In the proposed rod-like structure, the central region contains the HHRzs of the two polarity strands that were located one in front of the other. Interestingly, most polymorphic positions did not modify the proposed rod-like secondary structure because they were co-variations, conversions of canonical into wobble base-pairs or were located into loops (Figure 3). It is worthy of note that several polymorphic positions map to the central hammerhead region (see below). Altogether, data on the sequence variability of CtaHVd-LR1 populations preserving the predicted rod-like secondary structure suggest a major role of this structural feature for its survival.
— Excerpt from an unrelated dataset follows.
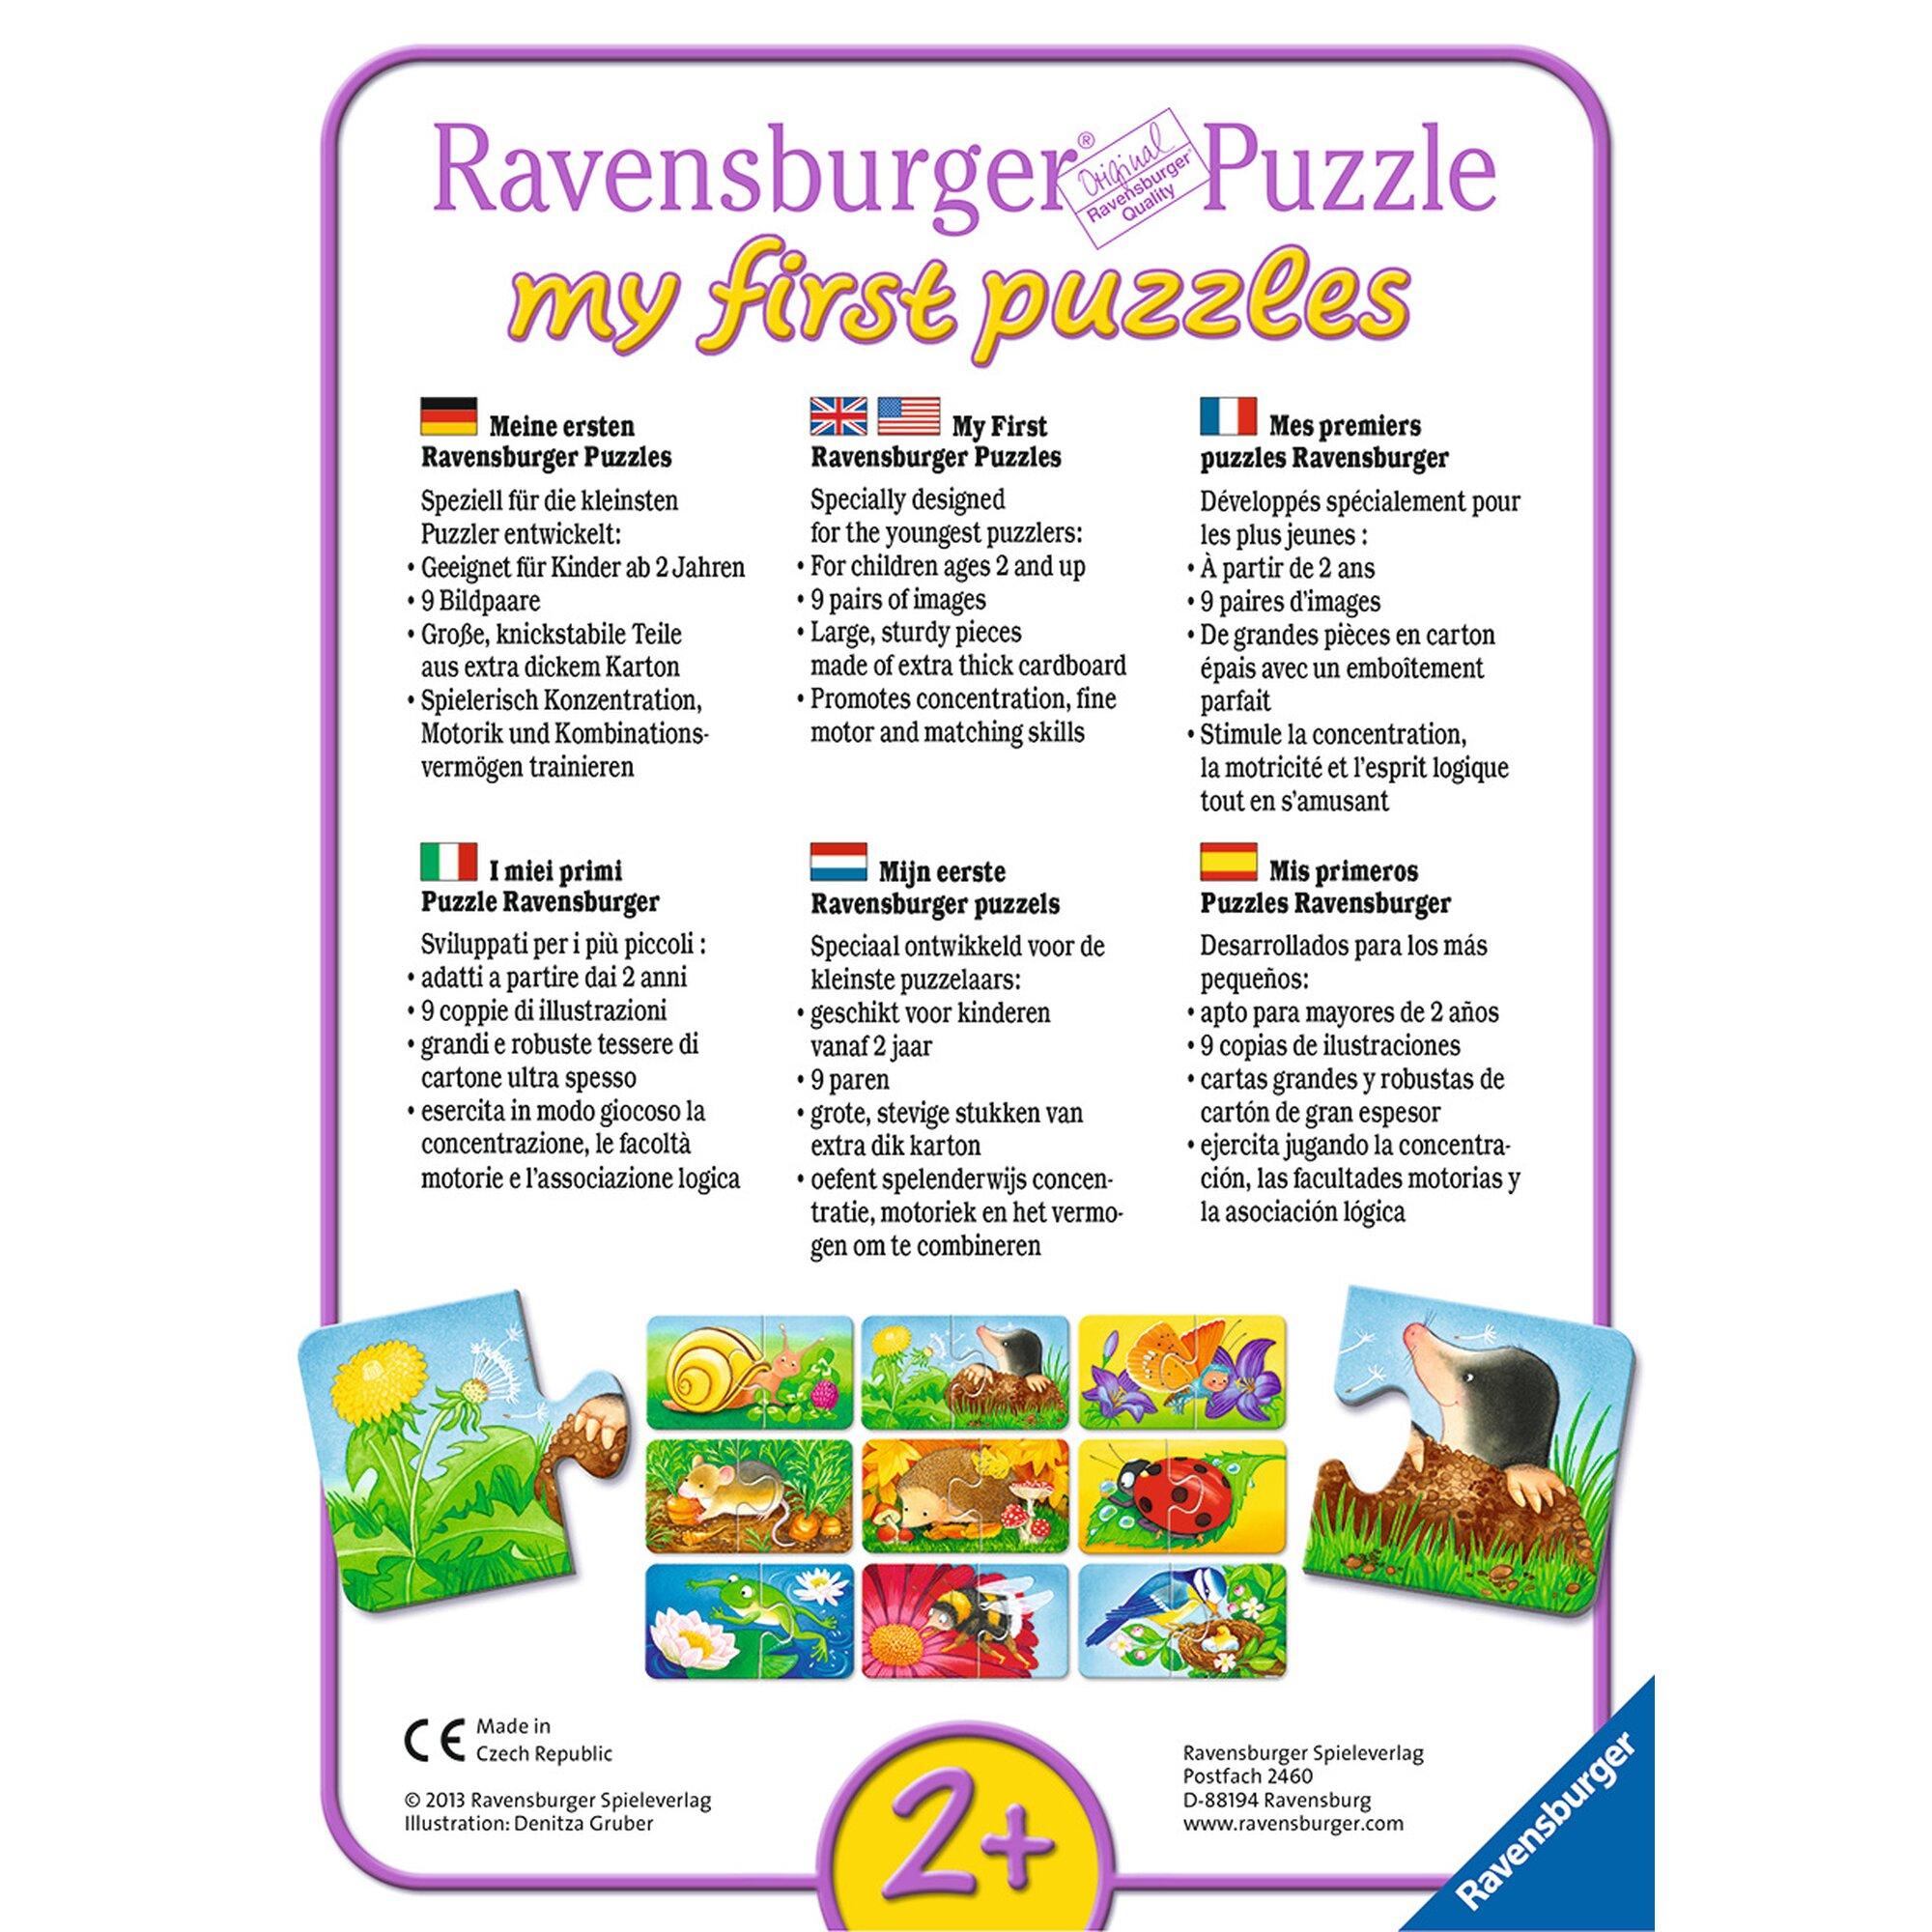 ravensburger-my-first-puzzles-9x2-2-teile-liebenswerte-tiere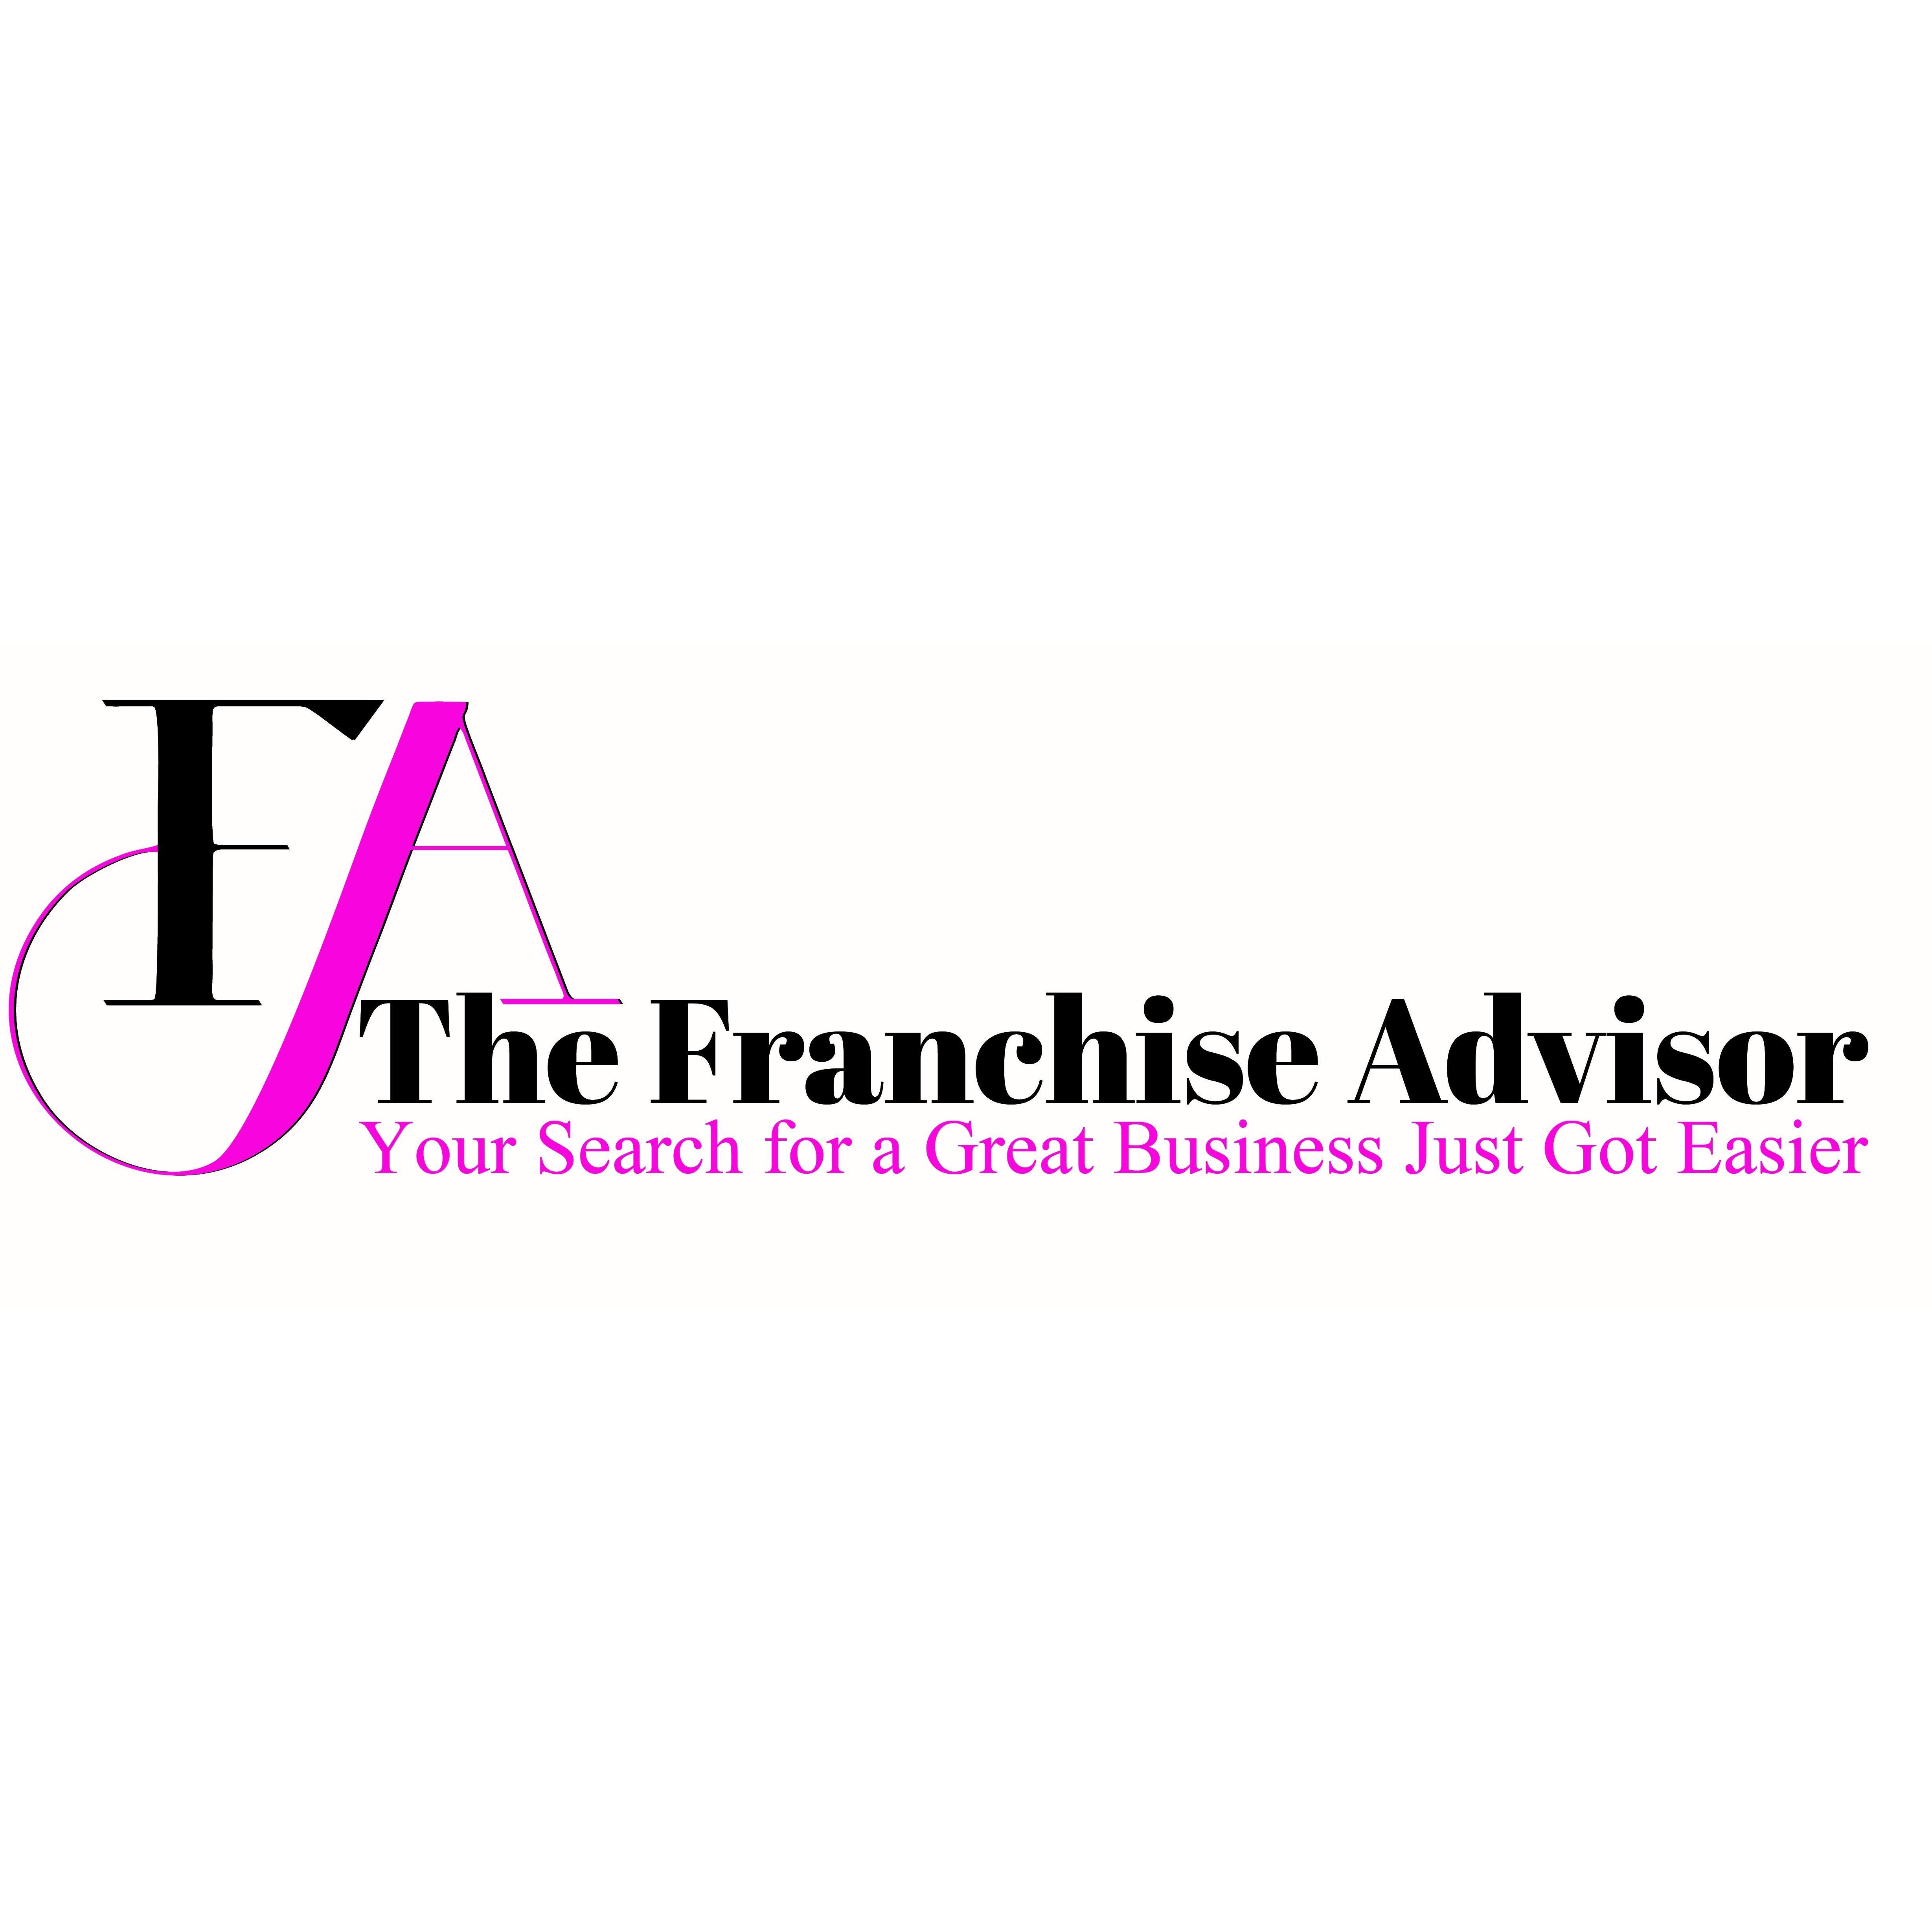 The Franchise Advisor - New York, NY 10018 - (877)220-4214 | ShowMeLocal.com

3.4. HHRzs Embedded in CtaHVd-LR1 Are Active during Transcription and in the Absence of Proteins

The CtaHVd-LR1 hammerhead ribozymes have a central catalytic core surrounded by three hairpins, two of which (hairpin I and II) are closed by small loops (Figure 4). The self-cleavage site is preceded by atypical GUA and AUA trinucleotides in the (+) and (−) polarity strands, respectively. Such a combination of trinucleotides preceding the self-cleavage site was previously only reported in the (+) and (−) HHRzs of cscRNA1 and cscRNA2, two viroid-like RNAs reported to most likely be satellite RNAs of a mycovirus [24]. The GUA trinucleotide was also present at the same positions of the (+) HHRz of FHVd-LR [25] and in the (−) HHRz of the Vd-LsatRNAs of velvet tobacco mottle virus and lucerne transient streak virus [45,46]. The AUA was previously reported in the (+)-strand RNA of the satellite of barley yellow dwarf virus [47] and two novel viroid-like RNAs likely associated with carrot red leaf virus [48]. The sequence variability observed in the HHRzs always preserved the predicted active ribozyme structure because most changes were mapped at the hammerhead loops, preserving the potential tertiary interactions between some nucleotides, or did not modify base pairing of the stems (Figure 4). In four of the sequenced variants, one change was found in the catalytic core of the (−) HHRz where the U at position 377 was replaced by a C, thus, modifying the conserved CUGA motif into a CCGA motif (Figure 4). The same mutation has been previously reported in one variant of peach latent mosaic viroid (PLMVd), and it has been shown that it did not affect the self-cleaving capability of the mutated HHRz [49].
The preservation of the hammerhead active structure, regardless of the sequence variability, is indirect evidence that these motifs play a key biological role. We provided experimental evidence that the HHRzs of CtaHVd-LR1 of both polarity strands are active during transcription, generating RNA fragments with sizes consistent with those expected considering the activity of HHRzs in the nascent RNA transcript (Figure 5). Moreover, when monomeric RNA transcripts were eluted from the gel, denatured and slowly cooled in a self-cleavage buffer containing 5 mM MgCl2, most of the transcript self-cleaved, generating the expected RNA fragments (Figure 5). Therefore, the HHRzs of both polarity strands of CtaHVd-LR1 are also active in the absence of any protein, confirming the ribozymatic nature of these catalytic motifs.
5′ RACE experiments followed by cloning and sequencing of the amplification products showed that the 3′ fragment resulting from the HHRz activity in the (−) polarity strand had the expected nucleotide at the 5′ terminus. In the (+) polarity strand, an extra nucleotide was observed at the 5′ terminus of the 3′ fragment generated by the (+) HHRz (Figure 5). However, this is a non-template nucleotide added to the 3′ end of the synthesized cDNA by the well-documented terminal nucleotidyl transferase activity of reverse transcriptases [50]. Altogether these data confirmed the predicted self-cleavage sites for the HHRz of both polarity strands of CtaHVd-LR1, thus, supporting their major role in the replication of this RNA.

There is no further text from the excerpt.